The invoice script is only off by one field.
An AI agent has written a tiny transformation to normalize vendor names, split line-item notes, and tag anything that looks like a pass-through expense. The code is short enough for a developer to read between meetings. It passes the sample file. The finance lead wants to try it on next week's intake queue.
The dangerous part is not the script.
The dangerous part is that nobody in the room can answer a basic question: what is this script allowed to touch?
Can it read every invoice field or only the fields passed into it? Can it call a pricing service? Can it write back to the accounting system? Can it make a network request? Can it inspect another tenant's configuration? Can it run for five seconds, five minutes, or until a worker dies?
That is where agent tooling is starting to move. The early phase was "let the model write code." The next phase is "give agent-written code a tiny, explicit capability sandbox."
A recent Elixir project, Lua.ex, is a useful signal. Not because every business should suddenly embed Lua. Because it gives operators a concrete way to talk about a problem that is about to show up in more AI workflows: agent-written code needs a contract before it gets runtime power.
What Lua.ex signals
Lua.ex describes itself as "Sandboxed Lua 5.3 on the BEAM" and "built for AI agents." Its homepage frames the runtime as an Elixir-native Lua 5.3 VM for embedding untrusted code, including AI agent tools, user-supplied formulas, and per-tenant plugins. It also makes a few claims that matter to security reviewers: zero NIFs, zero shelling out, every opcode auditable, and sandboxed by default.
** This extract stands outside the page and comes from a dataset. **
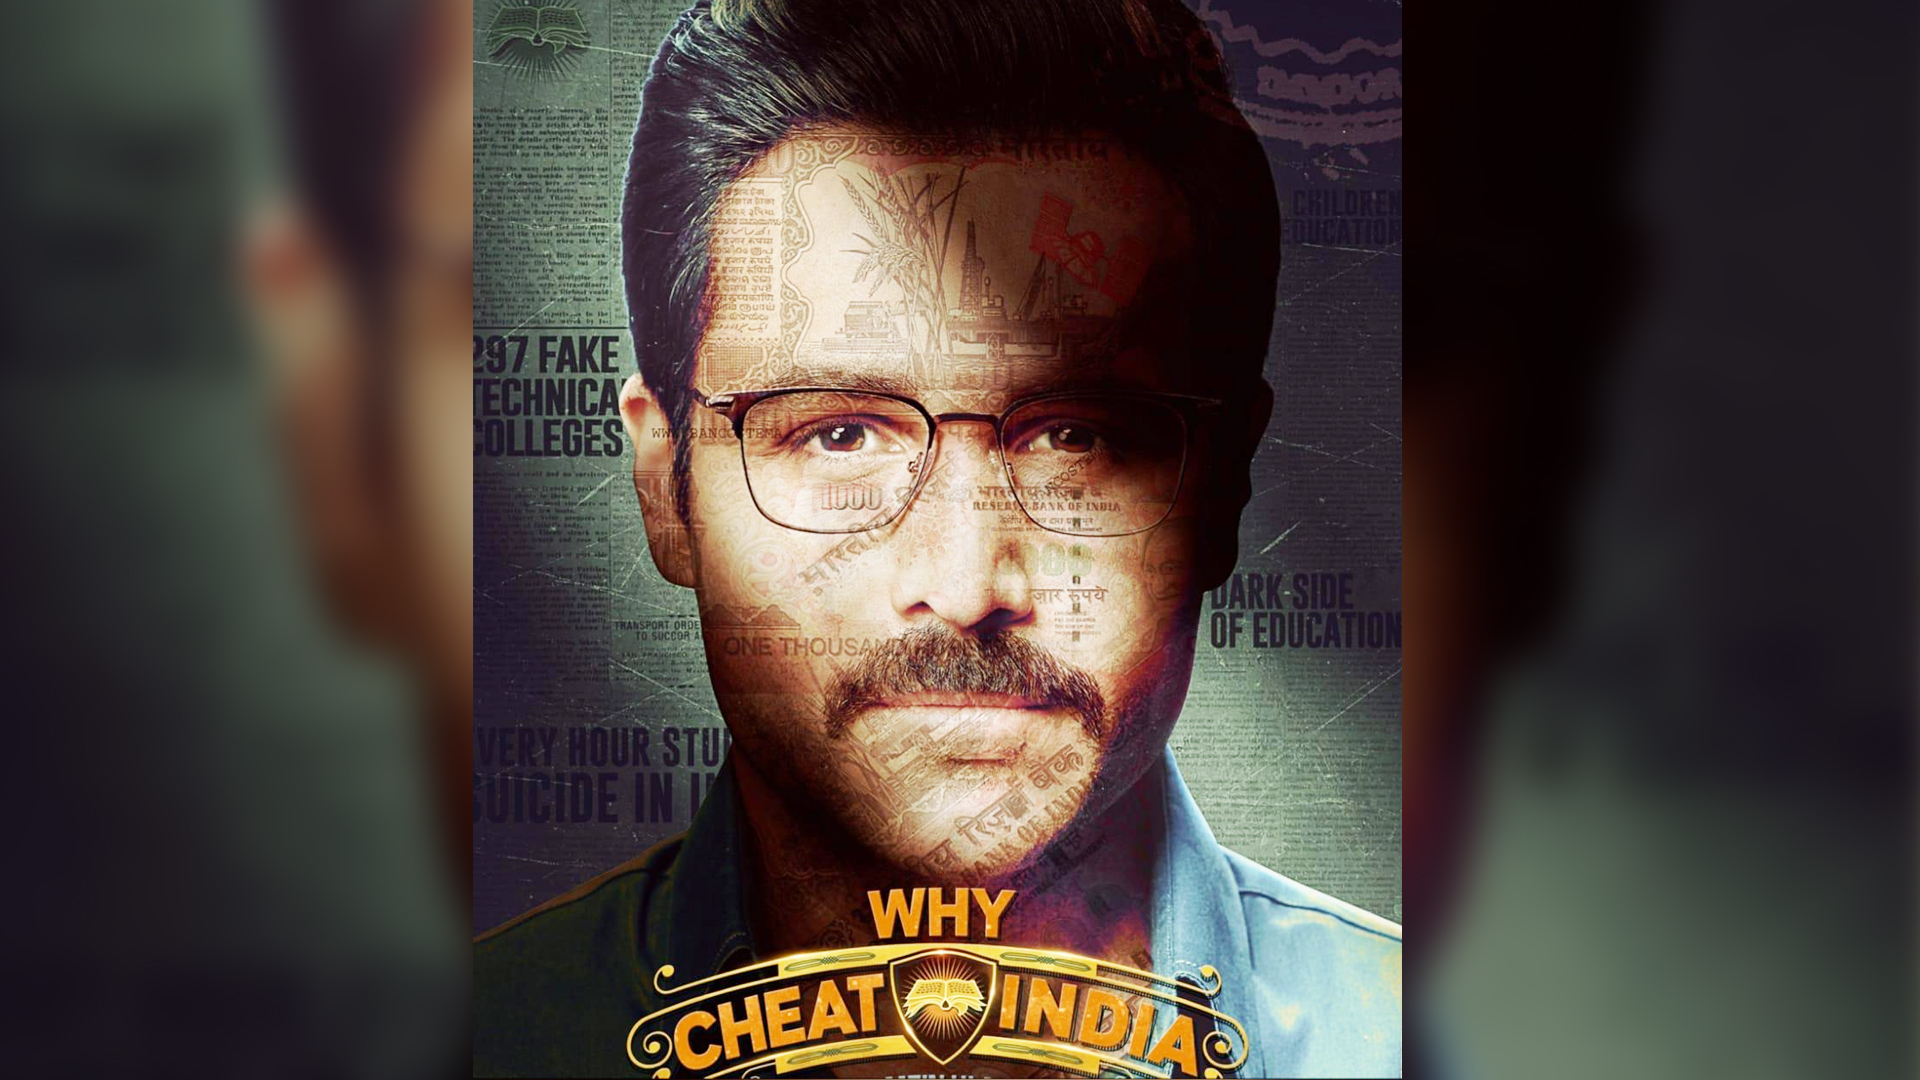 STATEMENT BY THE PRODUCERS OF “CHEAT INDIA” ON THE TITLE CHANGE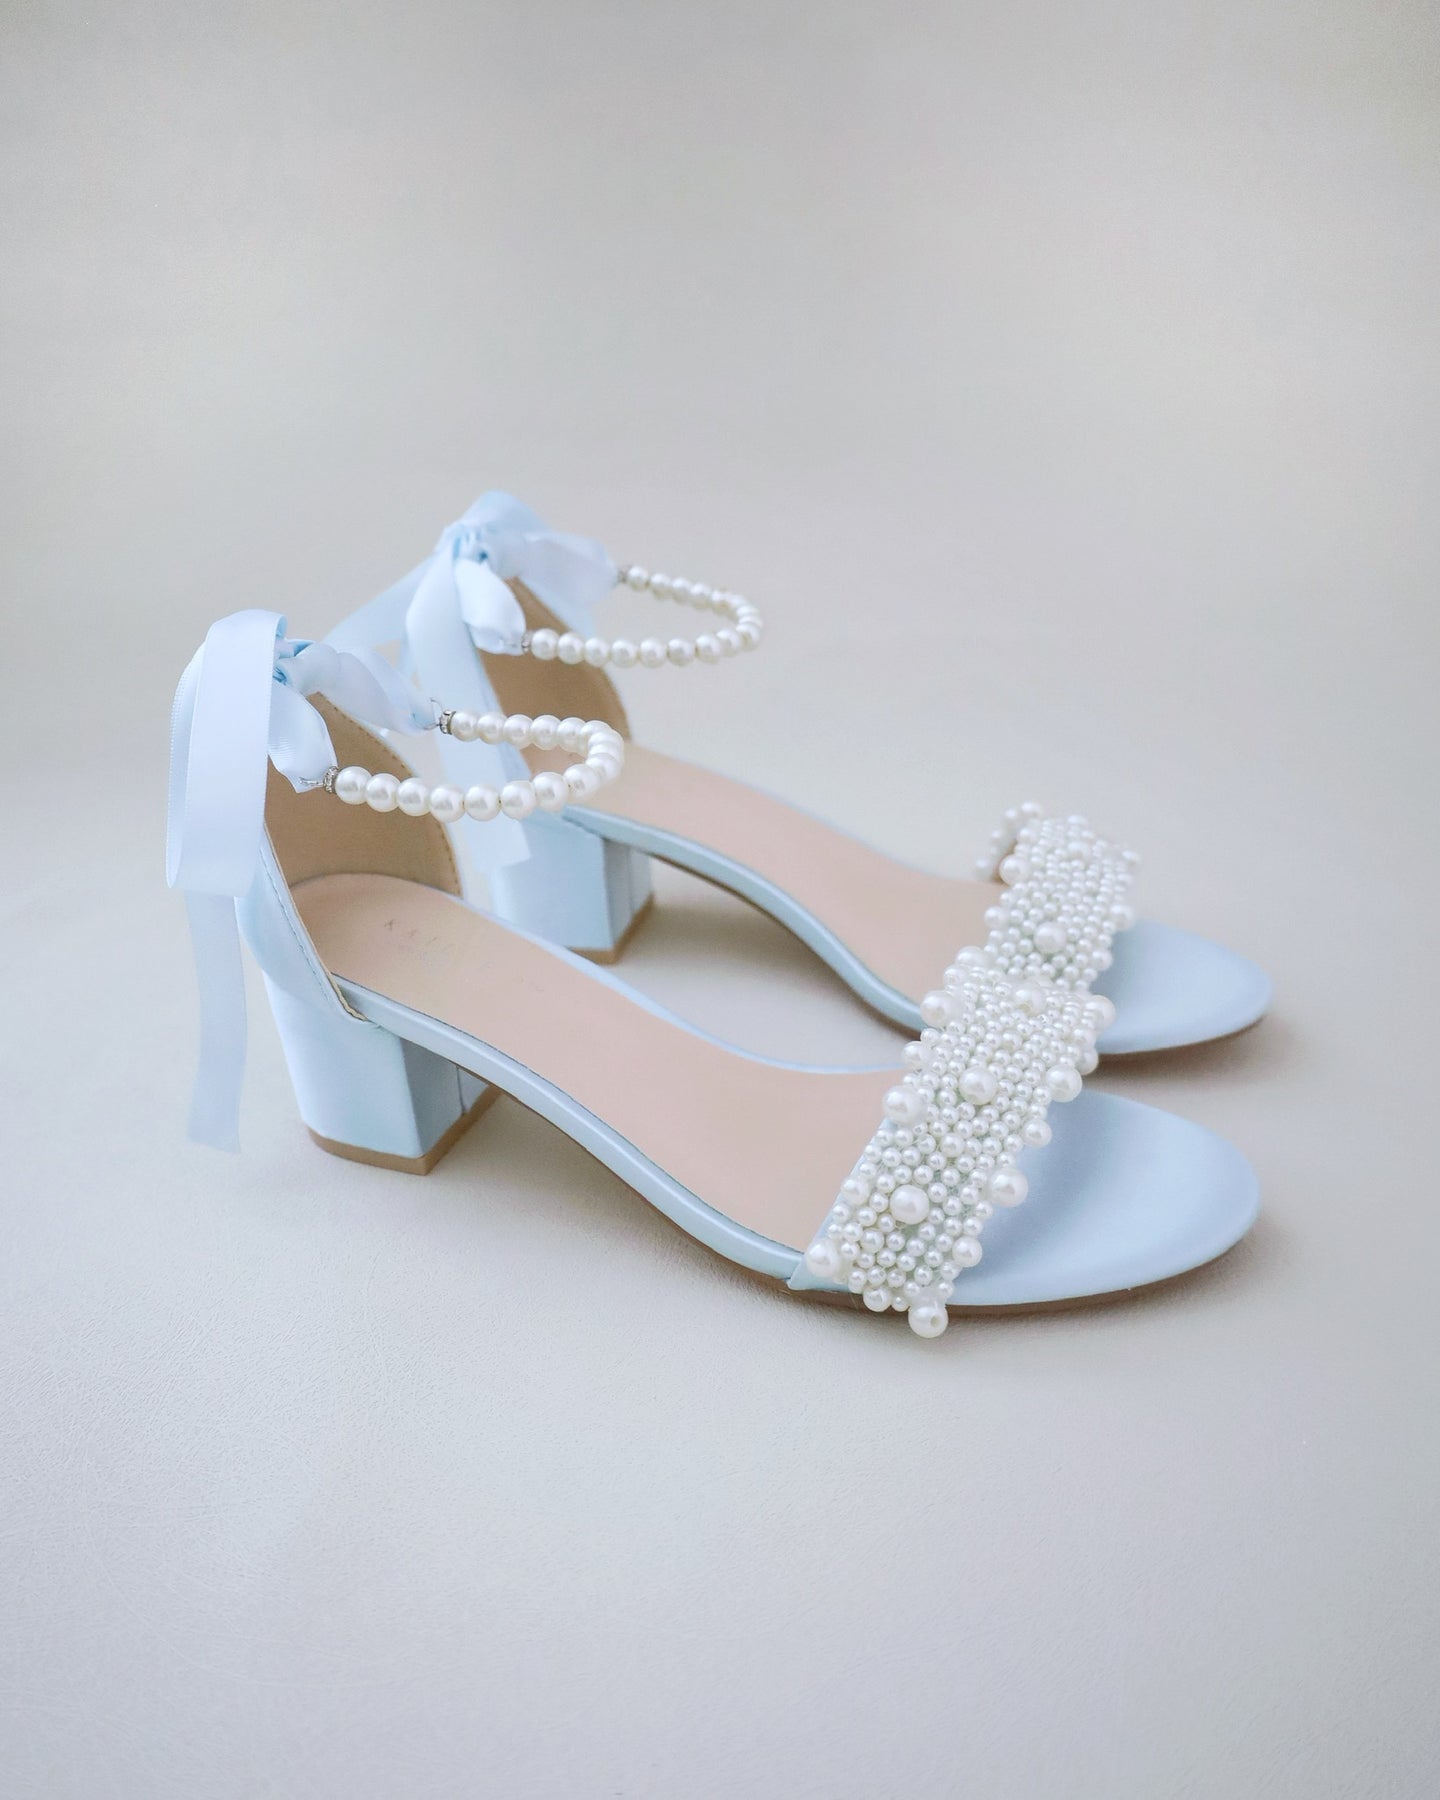 Wedding Concept with Silver Shoes. High Heels Wedding Shoes. Stock Image -  Image of celebration, isolated: 60821271

The tv-labs/lua GitHub repository describes the project more plainly: "A Lua 5.3 runtime in pure Elixir." The README says the lexer, parser, register-based VM, and standard library all run directly on the BEAM. It positions the library for safely running untrusted scripts, including AI-agent-authored code, game logic, user-defined rules, configuration, and plugins.
The line that should catch an automation lead's eye is this one from the README: "Giving an AI agent a sandboxed runtime where it can only call the Elixir functions you expose is a primary use case."
That is the shift.
The model may still write a formula, transformation, or plugin. But the host application decides which functions exist inside that script's world. The script does not get the whole machine. It gets a small room, a few named tools, and rules on the door.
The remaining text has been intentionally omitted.